Thoughts on a Neural Network for Music
I noticed a few months ago that Sora was announced by OpenAI. For those who don't know, Sora will be a video-generation software in the same vein as ChatGPT, but instead of text, it will generate videos with object-permanence.
Object-permanence was the long-sought-for feature to any AI video-generator. In the earlier days (maybe last year or so, and before), the attempts at video generation would always fall short because they didn't have static objects in the scenes--it looked like some sort of odd, infantile hallucination.
Luckily, the guys at OpenAI cracked the code. The decided to use the Unreal Engine! Basically, what that allowed them to do was to create 3D items to be displayed in a 2D video scene. These items wouldn't go away until it was time to look at something else, this yielding the effect of object-permanence in the video software.

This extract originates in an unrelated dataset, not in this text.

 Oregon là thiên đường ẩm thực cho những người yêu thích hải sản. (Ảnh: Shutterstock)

Okay...good for those guys. But what does this have to do with MUSIC?
Well, I'm glad you asked. I haven't thought enough about this to publish any paper, and I haven't made any code around this...but, it's an interesting idea.

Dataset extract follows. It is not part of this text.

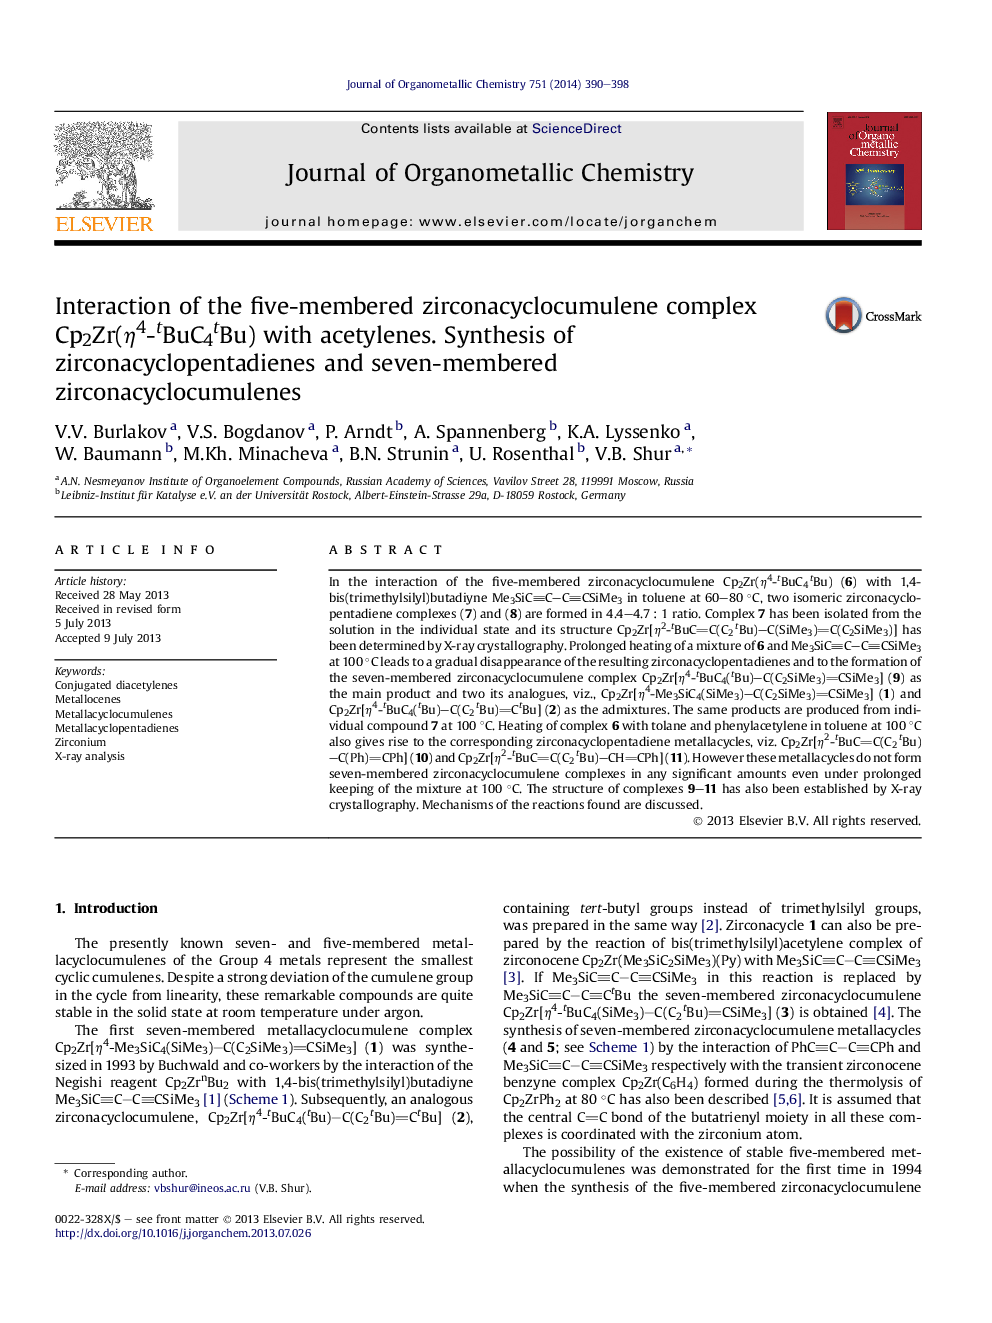 Interaction of the five-membered zirconacyclocumulene complex Cp2Zr(η4-tBuC4tBu) with acetylenes. Synthesis of zirconacyclopentadienes and seven-membered zirconacyclocumulenes

There are a lot of "music generators" out there. I think the fundamental problem with most of them is that they don't focus on the basic building blocks of their medium. When we think music, we might think songs, notes, descriptions of songs...but that may be all wrong. What we are looking for here is the fundamental objects that underpin music, at least from a computer's perspective.

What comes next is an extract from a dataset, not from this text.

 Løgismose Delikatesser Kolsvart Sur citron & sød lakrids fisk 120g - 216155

Much like the OpenAI team determined that the fundamental object of 2D video was a 3D model, I think the fundamental object of music IS a note, but a note note played on a certain instrument.
(Okay, forget vocals for now, which can be tricky from this standpoint. If you're hurting for vocals, just use a Drake or Adele AI, like the ones they use for those annoying YouTube videos.)
Yes, so I think, besides the humble note (pitch+duration), we will also need to take into account the timbre.
Okay, so is this revolutionary? Not at all. There are probably 1000 people working on this right now who have gotten a lot farther than me.
But the thought stands. What if we take timbre into account?
There are already a number of AI applications that use stem-splitting technology to isolate the different instrument tracks of a song. This is incredible for my purposes--to create an effective song-generator!
I think, if I or anyone is going to go down this rabbit-hole, it would be interesting to see if they could get a huge collection of music, split the stems of each song, and THEN train a neural network on this.
Neural networks are amazing at teasing out the sequencing of certain "words" (in this case, "notes" will do), but they are not adept at object-permanence on their own. What we need from a music generator is something akin to instrument-permanence, unless we just want to stay in the real of infantile fever dreams.
Like I said above, I think stem-splitting will be of great use here.
Alternatively, if stem-splitting weren't an option, we could make a song-generator that is trained specifically on songs containing strictly one instrument. This may not be as hard as it sounds. Imagine if you could get Chopin's complete works for piano (you easily can), and train a neural network on them. Then, there would be no need for "instrument permanence" because it's already baked in to the corpus of sound.
I think both of these ideas are worthwhile (the song-generator with "instrument permanence" and the single instrument "Chopin generator",) and I intend to explore the more in the future.